- Detail from a portrait of Anna Baright Curry painted by Frank V. Colson
- Born: Anna Baright June 19, 1854 Poughkeepsie, New York
- Died: February 1924 (aged 69) Boston, Massachusetts
- Occupation: Educator
- Known for: founding Curry College
- Spouse: Samuel Silas Curry
- Children: Haskell Curry

= Anna Baright Curry =

American educator, founder of Curry College in Milton, Massachusetts

Anna Baright Curry (June 19, 1854 – February 1924) was an educator and the founder of the School of Elocution and Expression (which later became Curry College) in Milton, Massachusetts.

== Early life and education ==

Anna Baright was born on June 19, 1854, to a Quaker family in Poughkeepsie, New York. Most of her family members were art lovers; the stage actress Julia Dean was her aunt.

After graduating from Cook's Collegiate Institute in 1873, she worked briefly as a teacher in New York state, then taught elocution at Milwaukee Female College. In 1875 she enrolled in Boston University's School of Oratory, where one of her teachers was Alexander Graham Bell. At B.U. she was described by one of her professors as "the greatest woman reader in the country." This was a significant compliment in an era of oratory when speakers such as Charles Dickens and Mark Twain were paid thousands to read lengthy pieces of their work. Baright graduated with honors in 1877.

== Career ==

After graduation she was appointed First Assistant to Lewis Baxter Monroe, Dean of the School of Oratory. In 1879, she and Monroe were planning to open a summer school for oratory on Martha's Vineyard when Monroe died. Rather than cancel, Baright successfully ran the five-week program herself. It was the first summer school of its kind in the country. That fall, Samuel Silas Curry took over the leadership of the Boston University School of Oratory.

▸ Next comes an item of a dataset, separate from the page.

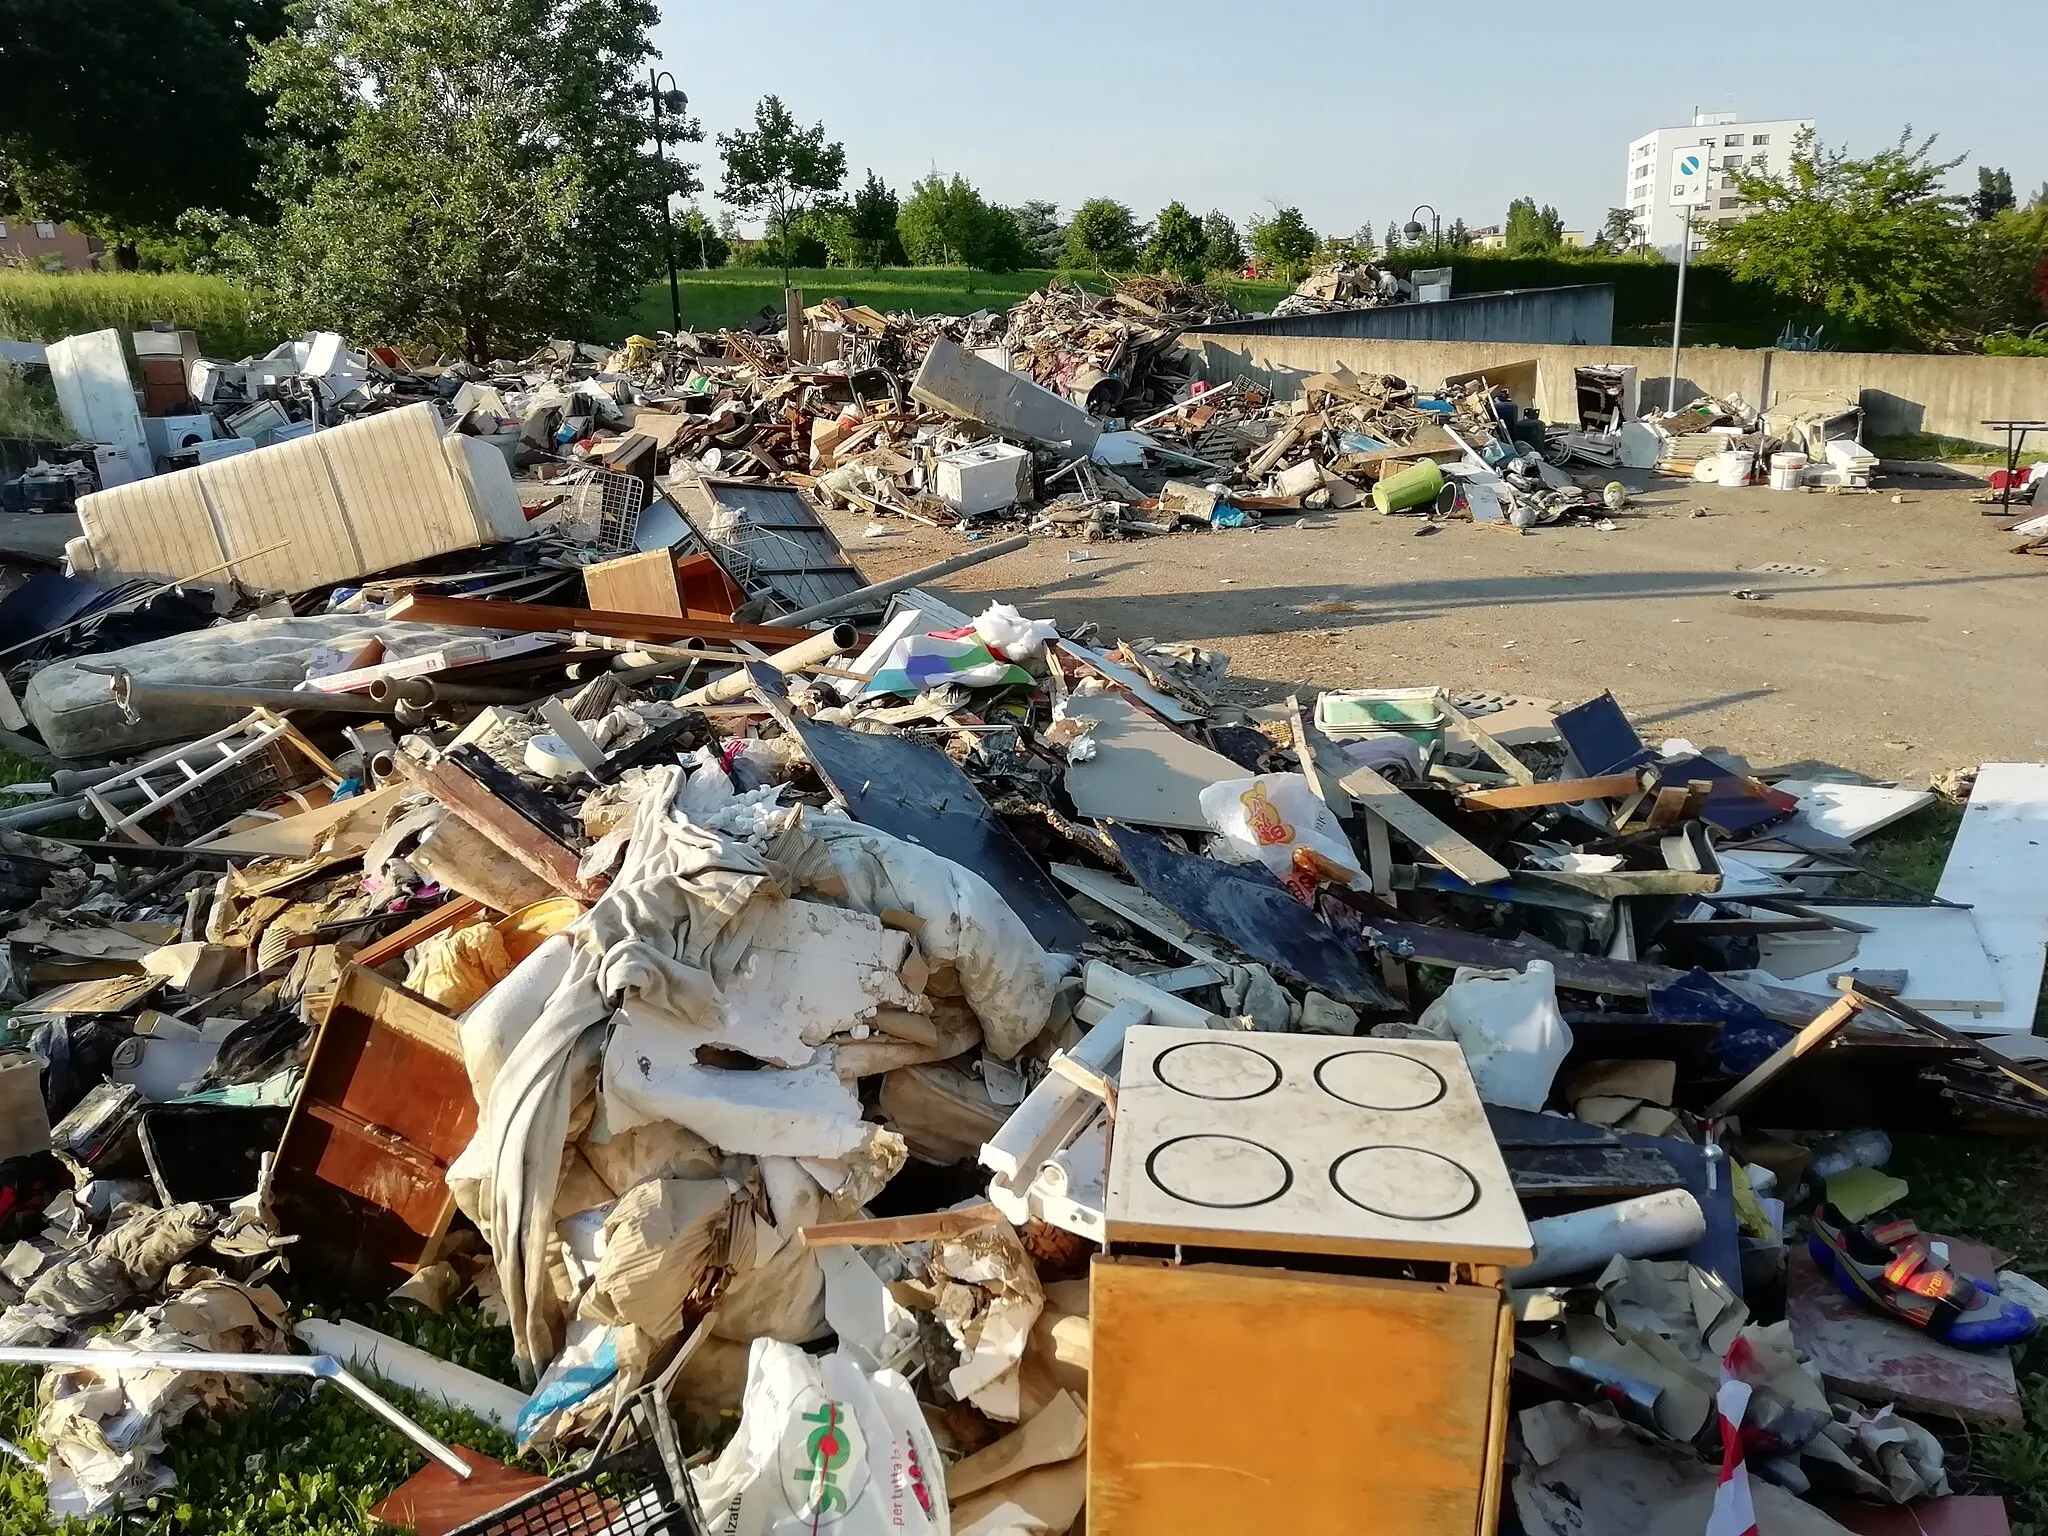 Photo showing: parcheggio trasformato in discarica temporanea dei rifiuti provenienti dalle case degli abitanti dopo l'alluvione, che permette di visualizzare i danni materiali in zona, frazione Pulce di San Lazzaro di Savena (BO)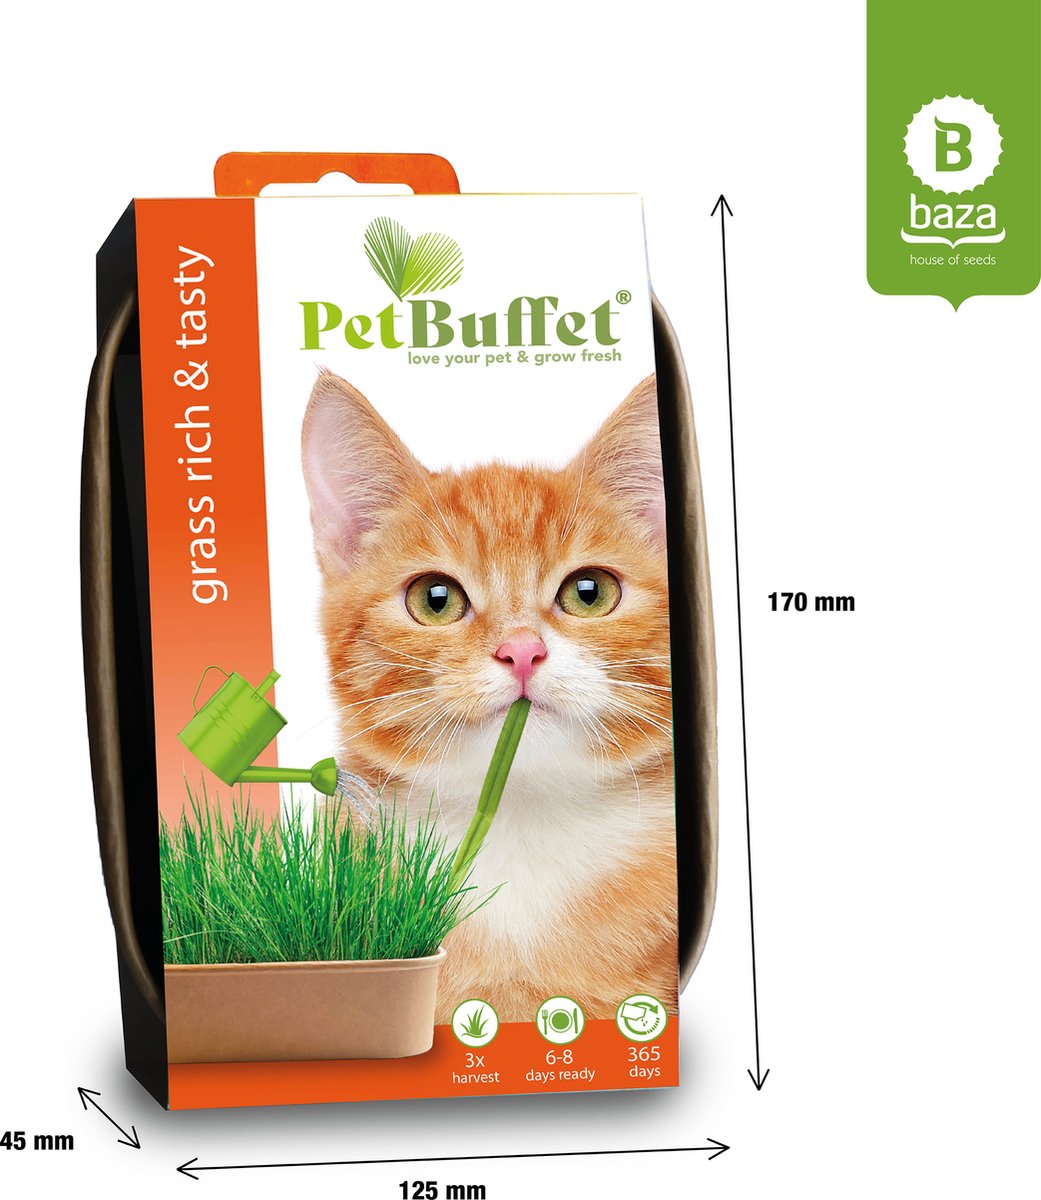 Pet-Buffet herbe riche et savoureuse 6x croissance herbe pour votre chat

Encouraged by Boston University's first president, William F. Warren, Baright started her own school in downtown Boston that fall. The School of Elocution and Expression offered a two-year program modeled after that of the B.U. oratory school. Baright based her teaching on Monroe's principle that "expression is the outward manifestation of that which is already in the consciousness." Professor J. W. Churchill called her "the greatest woman teacher of elocution in the country."

In 1882, Baright married Samuel Silas Curry and became Anna Baright Curry. In 1885, the school was renamed the School of Expression, and Samuel Silas Curry became the head of the school with Anna Baright Curry serving as Dean. Former Boston University School of Oratory professor and telephone inventor Alexander Graham Bell became the school's first chancellor from 1907 until his death in 1922. The Currys ran the school until their respective deaths in 1921 and 1924. Years later, the school was renamed Curry College in their honor.

== Personal life and death ==

Baright and Curry married on May 31, 1882. The couple had six children, one of whom was the noted mathematician Haskell Curry. Baright Curry was a member of the New England Women's Club, the Cantabrigia Club, and the Boston Browning Society. She died in Boston in February 1924.